What's App? $19 billion for a company that has never made a profit!


One of my goals in this class is for students to look at decisions companies make and ask, "Is that a good decision?"

On Wednesday, 19 February, Facebook shocked the world by buying What's App for $19 billion (70 billion dirhams).  That's enough money to build 12 Burj Khalifas!

The next day the stock of Blackberry went up 8%.  Why?  Let's look at Blackberry's business model:  Blackberry currently generates revenue by:
1. Selling to retail customers (like people in the Emirates that love their Blackberries)
2. Selling to corporate customers (which in the business world this is called "Enterprise" sales or B2B - Business to Business sales)
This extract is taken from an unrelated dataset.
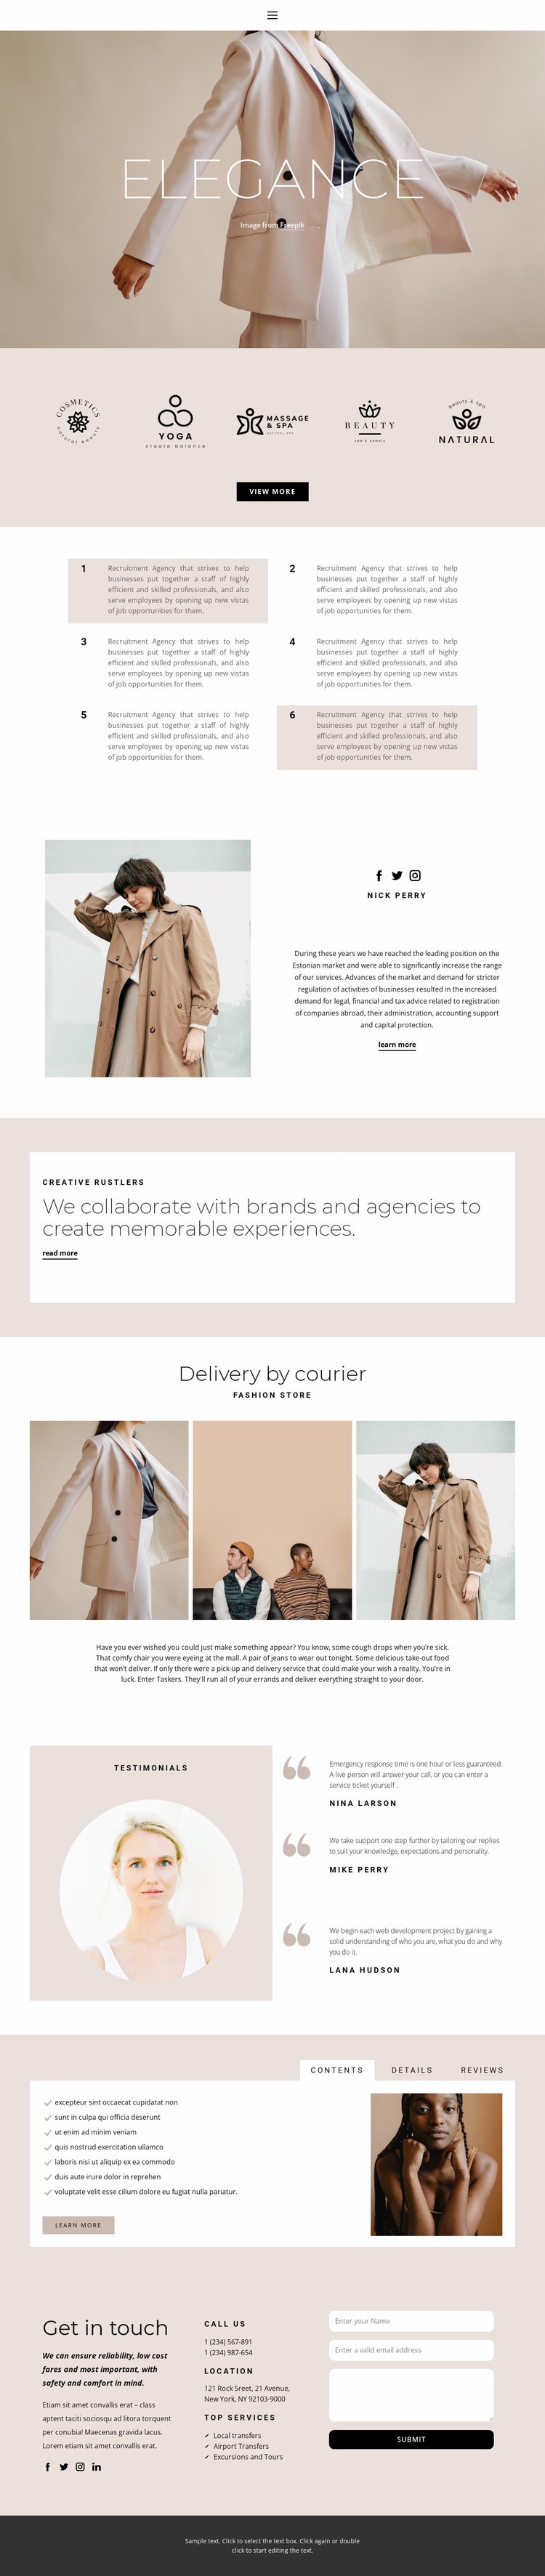 Elegance in fashion Homepage Design

BlackBerry also gets a tiny amount of revenue from BBM ads... but it is not much.  However, after What's App sold for $19 billion some investors wondered if maybe BBM might be worth much more than they previous thought.

What's App has 450 million users.  With a sales price of $19 billion that means Facebook purchased What's App for $42 per current user.  Think about that.  If you have a What's App? account like I do it means FB just paid $42 for your account and all of your friends.  How will they ever get $42 worth of revenue from me, you and everyone you know?  Advertisements?  If they start giving me lots of ads people will switch.  Some people have suggested Facebook did it to gather more information about users.  I doubt it.  While What's App knows who I talk to and what I like to talk about, Facebook knows EVERYTHING about me already.

Anyhow, it seems to me that Facebook paid way, way, WAY too much money.  What What's App offers is great but it is very easy to duplicate.  If they try to make money (by showing a bunch of ads or charging for the App) we can all just switch to one of the other apps out there.

Related vocabulary:
Business model:  How a company gets money coming in.  Many companies have a business model of selling stuff.  Some companies sell to other companies.  Some companies- like Google - make money without much retail sales.  Google makes money from you every time you do a search and they can show you an advertisement.

Revenue - Money coming into a company
Expenses - Money going out of a company

Revenue - expenses = operating profit (or loss)

Profit is also called income.

In your accounting classes you will learn about how paying interest on debt and paying taxes affects income.  For supply chain we will keep it simple.